Both essential oils and absolutes are extracted from the oakmoss. Essential oils are usually obtained by steam distillation. Absolutes are obtained by solvent extraction and are generally more concentrated than essential oils. The extracts of oakmoss are said to have a lovely earthy scent that resembles the aroma of moss and has an undertone of pine.
Some oakmoss extracts advertise the fact that they are low in atranol. This chemical is allergenic for some people, so its worthwhile seeking products that have little or no atranol.
Tree moss (Pseudevernia furfuracea) is another fruticose lichen used in the perfume industry. The lichen was used to fill the body cavity of Ancient Egyptian mummies. It's not known if the lichen was used as a preservative or to provide a pleasant scent. Today lichen components are used in deodorants as well as perfumes because of their pleasing aroma.
Lichens as Food
While we shouldn't pick up a lichen from a neighborhood rock or tree and eat it, some lichens are eaten by humans. Many lichens are mildly toxic, a few are poisonous and most are indigestible in their raw form. Some cultures have learned to prepare lichens in a way that improves their digestibility, however, and even makes them a delicacy.
Reindeer moss, or Cladonia rangiferina, is a fruticose lichen that is a staple food of reindeer and caribou. (This is yet another "moss" that is really a lichen.) Some Arctic inhabitants mix the partly digested lichen from caribou stomachs with raw fish eggs. The result is a concoction known as "stomach ice cream".
Umbilicaria esculenta is a black foliose lichen that grows on rocks. It's used in Asian cuisine after being fried. Umbilicaria lichens are often knows as "rock tripe". The North American version was used as an emergency food by early North American explorers.
Some lichens are boiled and mixed with fruit and flavoring agents such as onions before being eaten. With a few exceptions, lichens are generally used as food in famine situations instead of by choice, however.

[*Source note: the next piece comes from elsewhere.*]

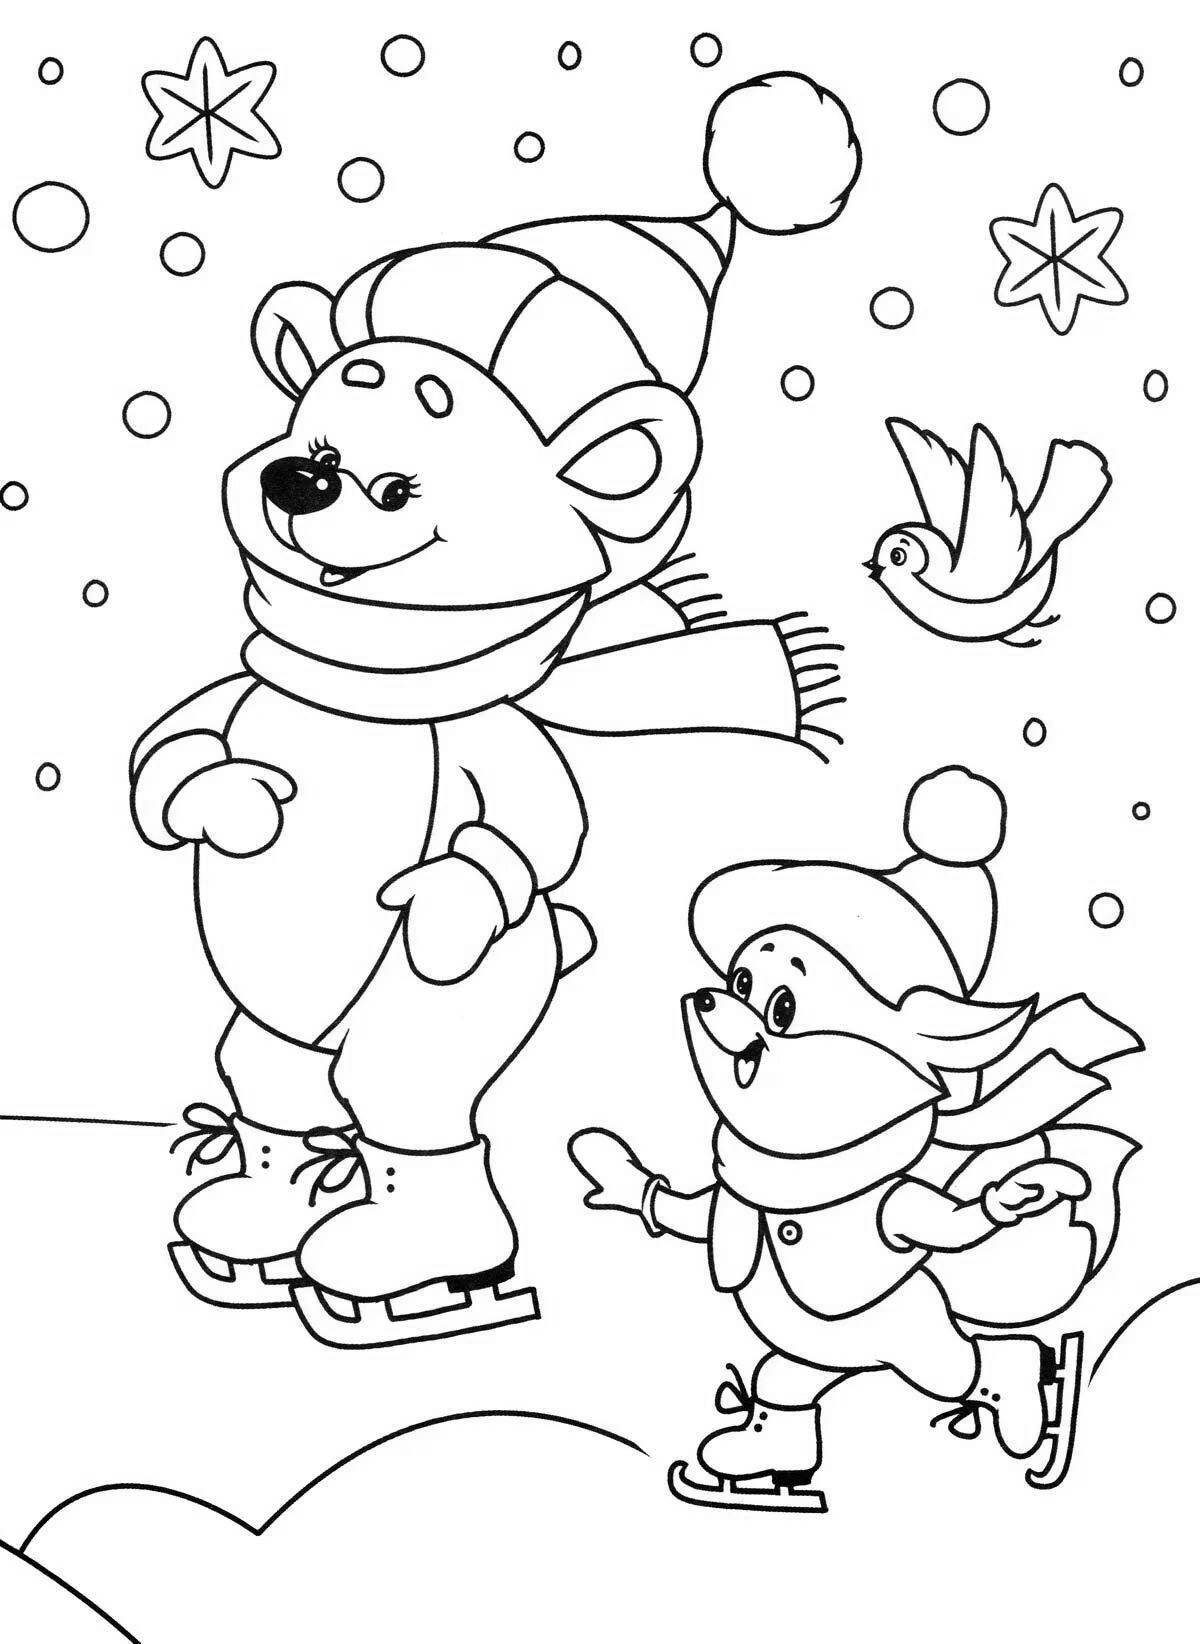 Live winter coloring for kids
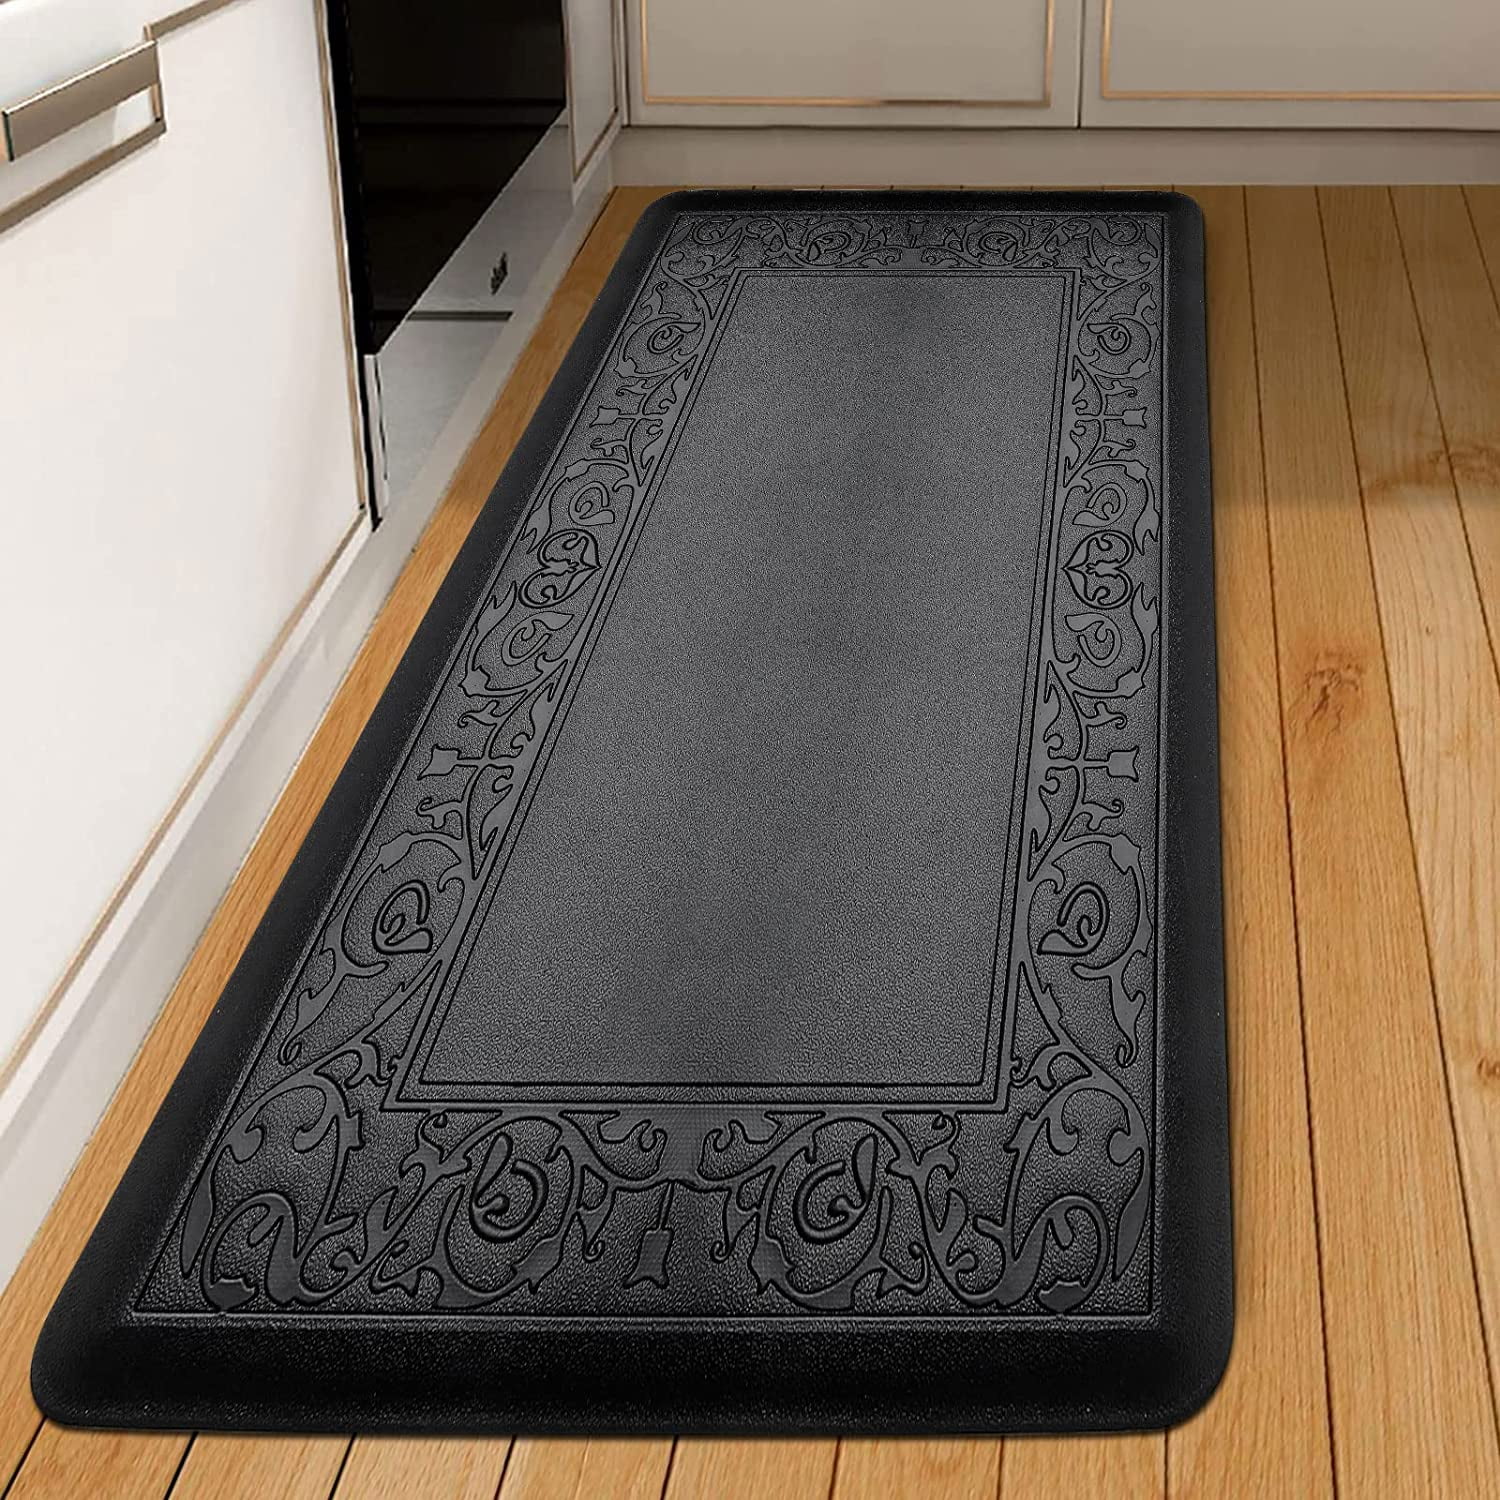 Sanmadrola Kitchen Rugs Cushioned Anti-Fatigue Runner Rug 0.75'' Thick  Waterproof Non-Slip Kitchen Mats Heavy Duty PVC Comfort Foam Rug for Kitchen,  Floor Home, Office, Sink, Laundry 20x60'' Brown

A Lichen Survey in London, England
Lichens in Space
Lichens as Pollution and Environmental Indicators
Some lichens are very tolerant to pollutants such as nitrogen and sulfur compounds, while others are very sensitive to the presence of one or both of these chemicals. This enables people who can identify lichens to learn about local environmental conditions by observing which lichens are present. The lichens act as "bioindicators".
Lichens have a high resistance to damage by dehydration and the ability to quickly absorb a large quantity of water after dehydration ends. This property has enabled them to be used as wound dressings and diapers by people in the past. Lichens stop photosynthesizing when they dry out and start producing food again as they absorb water.
Lichens also absorb and store radioactive substances, such as cesium and strontium compounds, without apparent harm. Their thalli can be tested for the presence of radioactive compounds in order to learn about their environment.
At least some species of lichen are very resistant to dangerous radiation. In a 2005 experiment two species spent sixteen days in space inside an orbiting satellite. Here they were exposed to "massive" doses of ultraviolet and cosmic radiation. When they returned to Earth they had nearly the same photosynthetic ability as before the flight. In addition, most of the lichens' cells had no observable damage when examined under high magnification.
Hunting for Lichens
I love walking. Just about any walk that I take ends up as a nature walk. Looking for lichens and photographing them is an enjoyable part of my journey.
It's easy to find lichens where I live. They are sometimes very obvious, as in the photo above. Others may be overlooked by someone who doesn't pause to look at tree bark, twigs and rocks. The smaller parts of nature often live on these surfaces. It's fun to examine lichens and other creatures with or without a magnifying glass. It's also very interesting to think about the ways in which lichens are used by humans and the possible ways in which they may help us in the future.